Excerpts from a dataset
>>

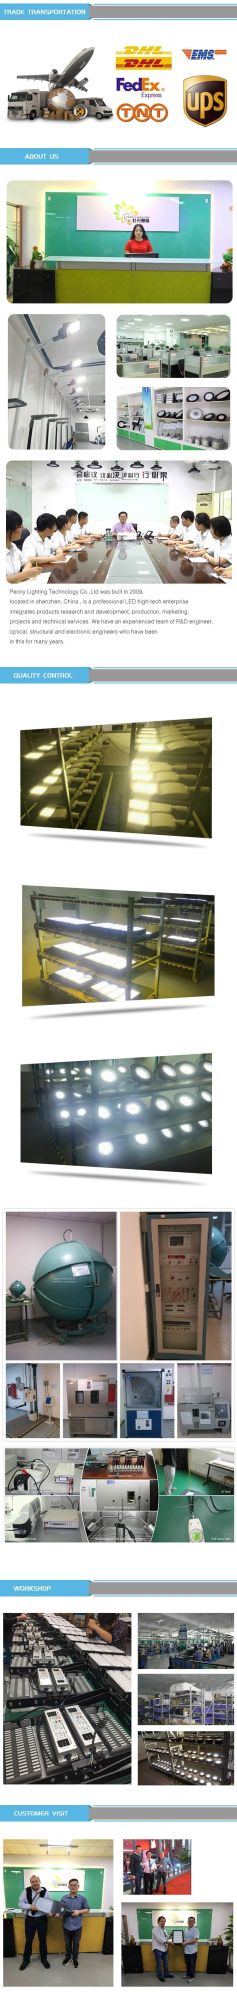 Newest Design 60-70W LED Street Lamp with 8 Years Warranty LED Road Light
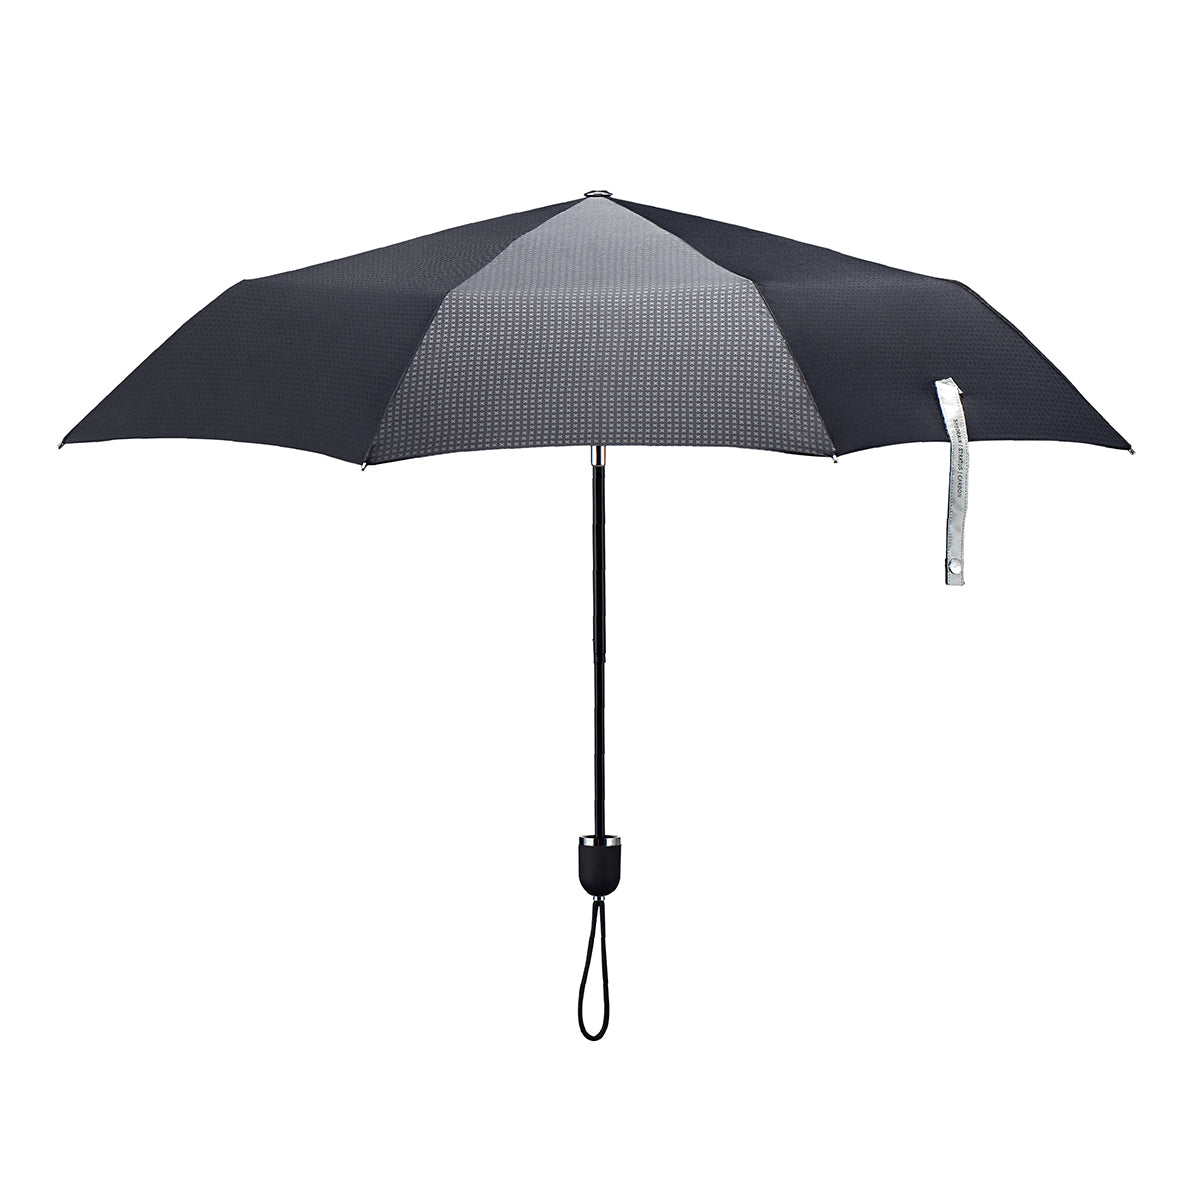 straight on view of a handmade manual open compact luxury umbrella with a matte black TPR grip handle, detachable waxed cotton wrist strap, Teflon-coated fine denier woven black polyester twill canopy, chrome trim, Trilobe aircraft aluminum shaft, fiberglass ribs, and a reflective strap embroidered with “ShedRain Stratus.”
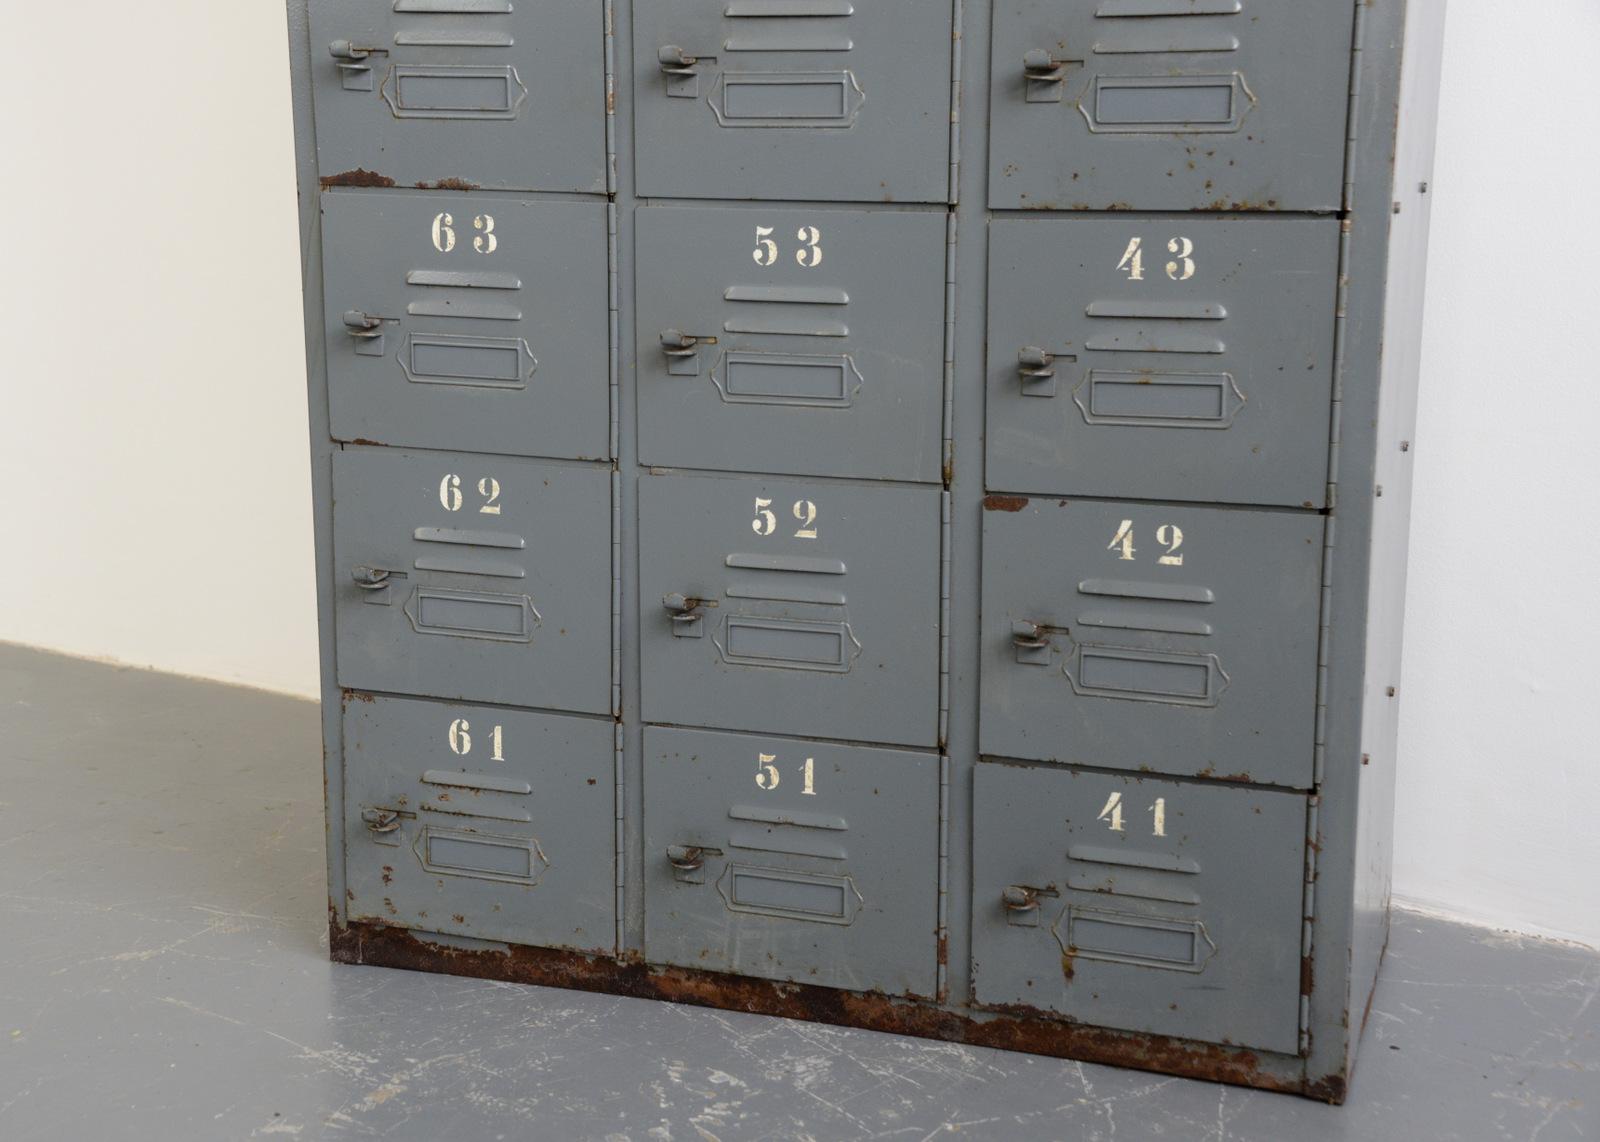 Industrial pigeon hole lockers, circa 1940s

- Made from steel with vented doors
- Cleaned and clear lacquered inside and out
- Original stenciled numbers
- German, 1940s
- Measures: 220cm tall x 40cm deep x 88cm wide

Condition

<<

Output an exact copy of the lines beginning at the one that holds "- Made from steel with vented doors" and running through the final line of the records.

- Made from steel with vented doors
- Cleaned and clear lacquered inside and out
- Original stenciled numbers
- German, 1940s
- Measures: 220cm tall x 40cm deep x 88cm wide

Condition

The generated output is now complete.